Vergogne
Gli ispettori del lavoro sono troppo pochi e con le armi spuntate: così incidenti e morti in azienda aumentano
Poche migliaia di persone dovrebbero controllare 4 milioni di aziende. E il Documento di valutazione rischi, che dovrebbe essere la mappa per tutelare la salute del lavoratore, è finito nella pastoia della burocrazia
Aumentano gli infortuni sul lavoro diminuisce l’efficacia degli strumenti per contrastarli. Se gli incidenti non vengono riconosciuti è colpa della disorganizzazione italiana. Il Documento di valutazione rischi (Dvr) che è la mappa della salute del lavoratore nelle aziende rischia, infatti, di finire nella pastoia della burocrazia. Non è marginale se l’imprenditore ci disegna, secondo linee guida degli organi vigilanti, le difficoltà che il dipendente incontra nel suo specifico settore, rimediando ai vuoti pericolosi di certe mansioni. Se in Italia si mette a rischio la vita durante il lavoro, si deve andare a ritroso per cercarne i motivi, dove c’è questa carta che sta diventando paradossalmente un’appendice priva dei contenuti e degli obiettivi per cui era nata.
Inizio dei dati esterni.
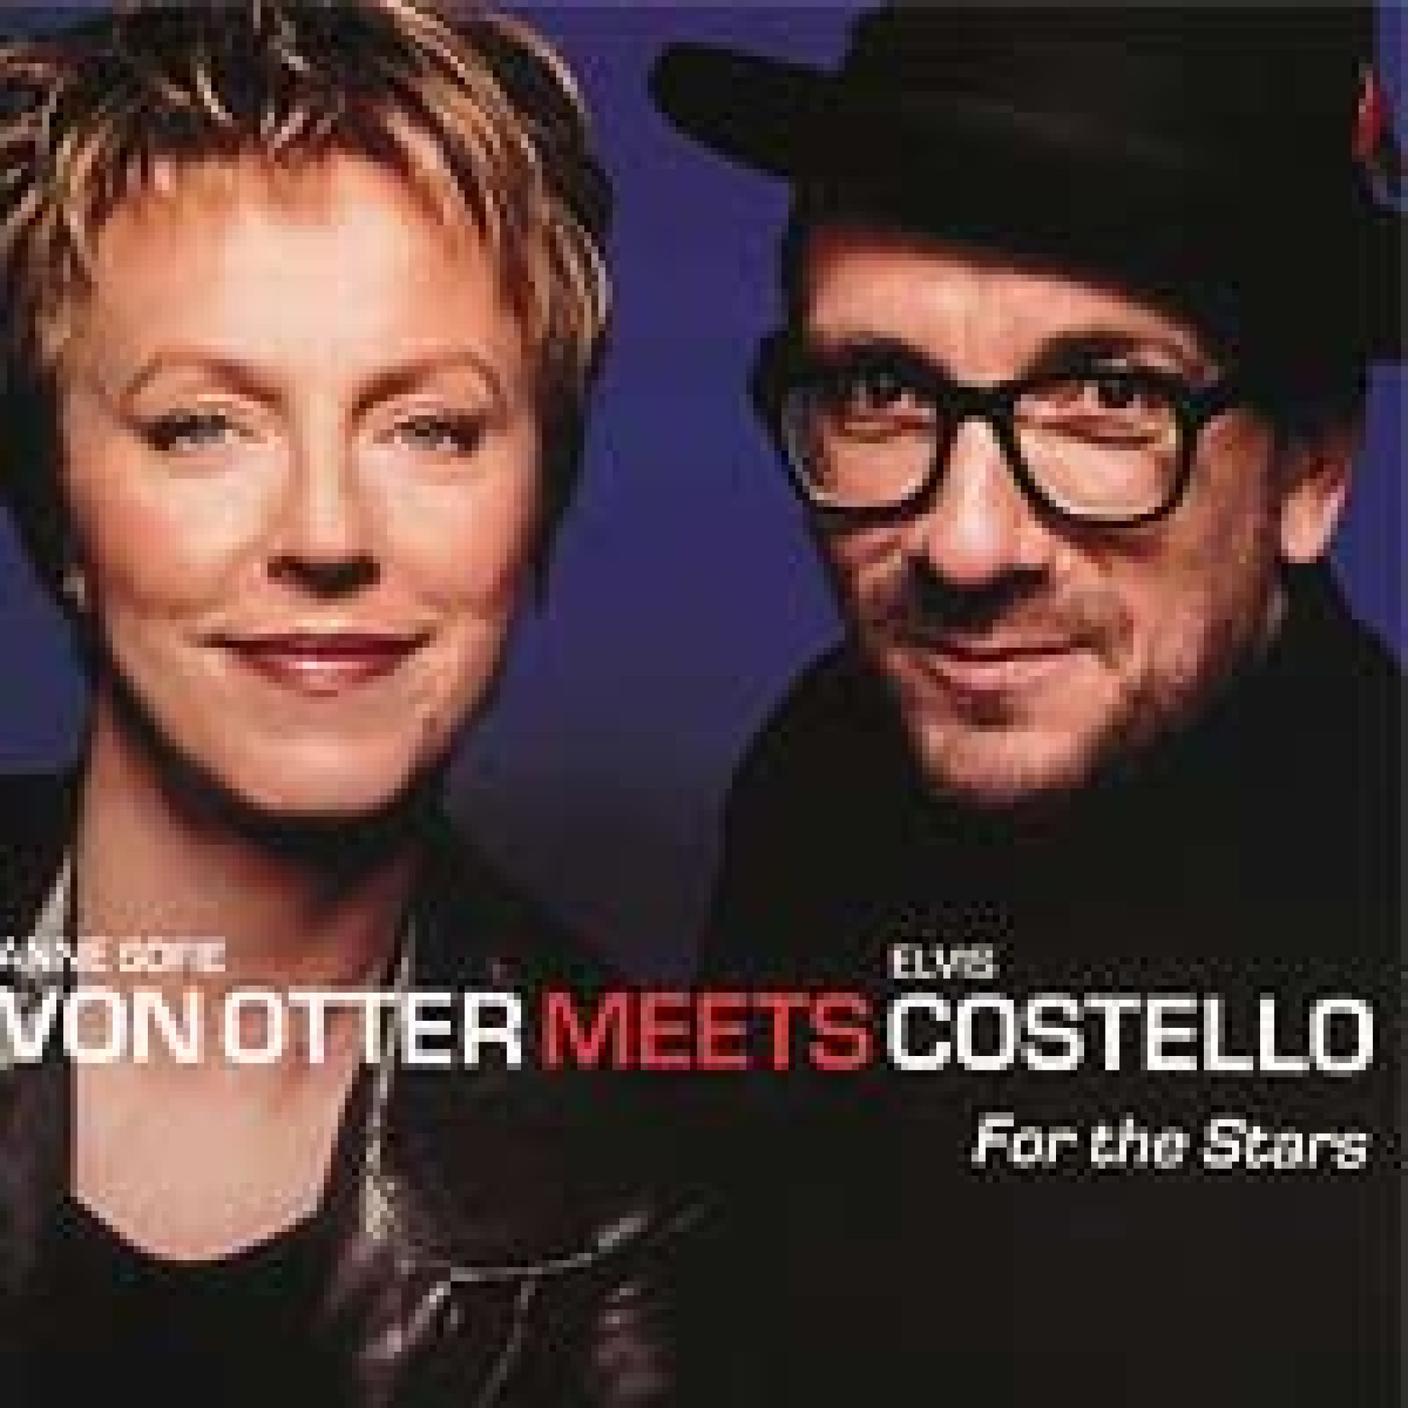 "Shamed into love" di Anne Sofie von Otter & Elvis Costello, Deutsche Grammophon (dettaglio di copertina)
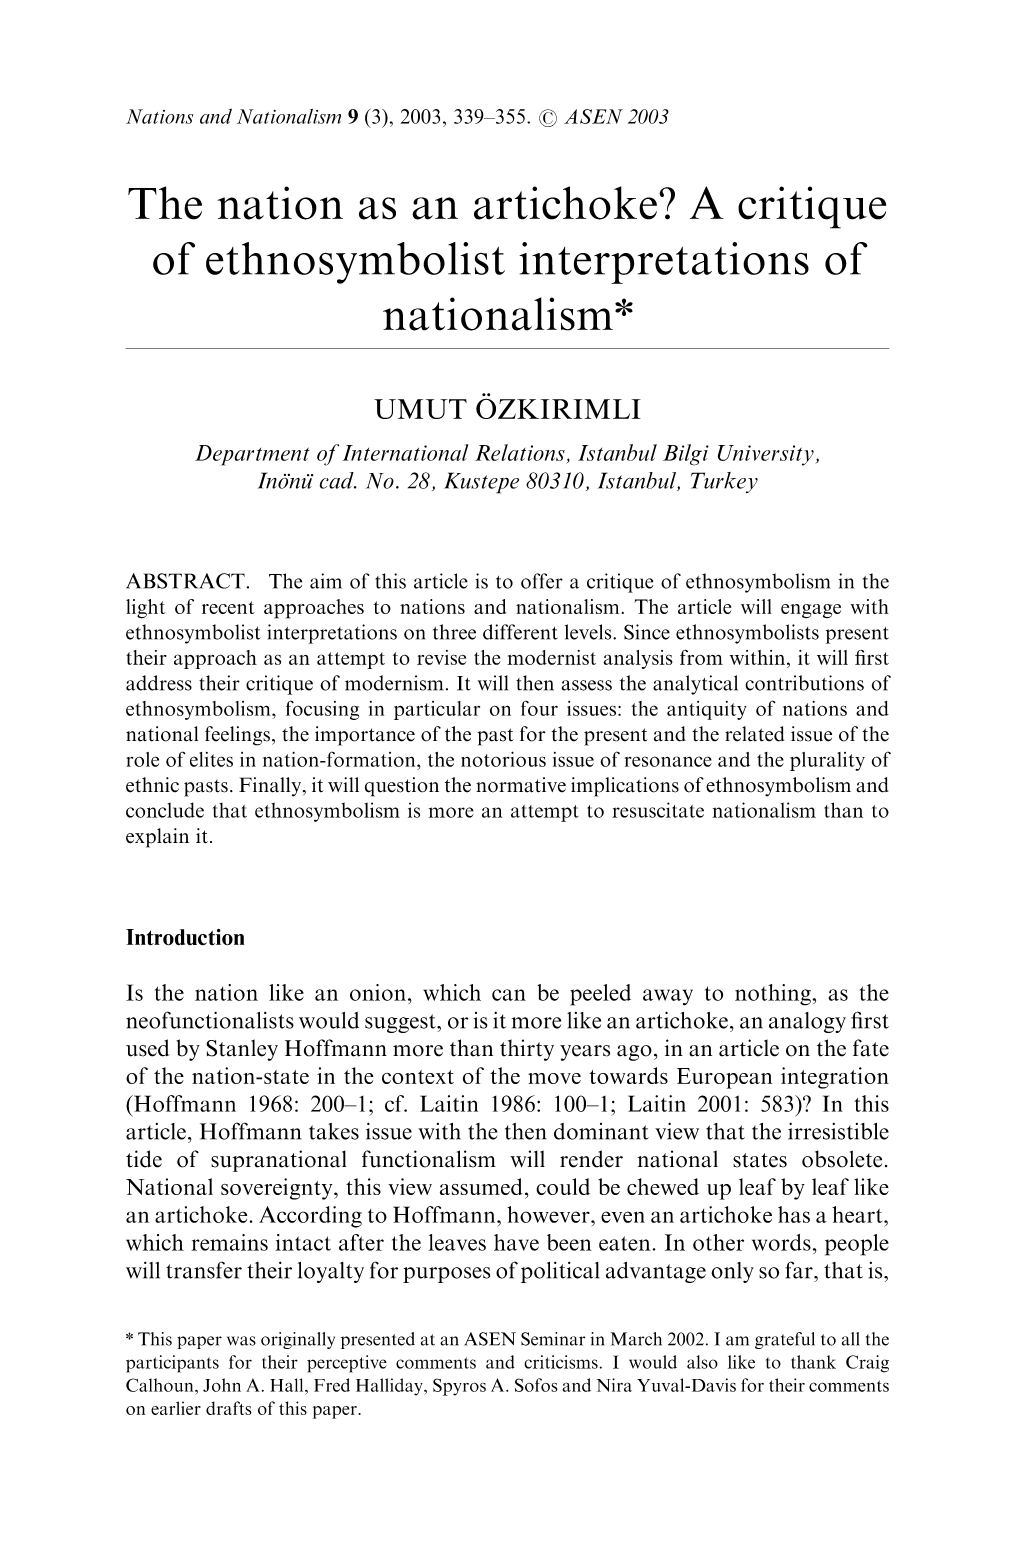 The Nation As an Artichoke? a Critique of Ethnosymbolist Interpretations of Nationalismn

I numeri elencati con dovizia da parte dell’Inail mostrano un quadro assai poco confortante visto che le denunce per infortunio sul lavoro nel 2021 sono aumentate dell’8 per cento rispetto al 2020 raggiungendo quota 396.372. Le denunce delle malattie professionali sono aumentate addirittura del 27 per cento rispetto al 2020. Ecco perché occorre ripartire dal documento che costituisce l’architrave del labirinto lavorativo italiano. Proprio il direttore generale dell’Ispettorato del lavoro Bruno Giordano ricorda l’importanza della carta quando spiega che «attraverso di essa è possibile verificare se le misure di prevenzione e protezione sono adeguate al tipo di attività che l’impresa svolge».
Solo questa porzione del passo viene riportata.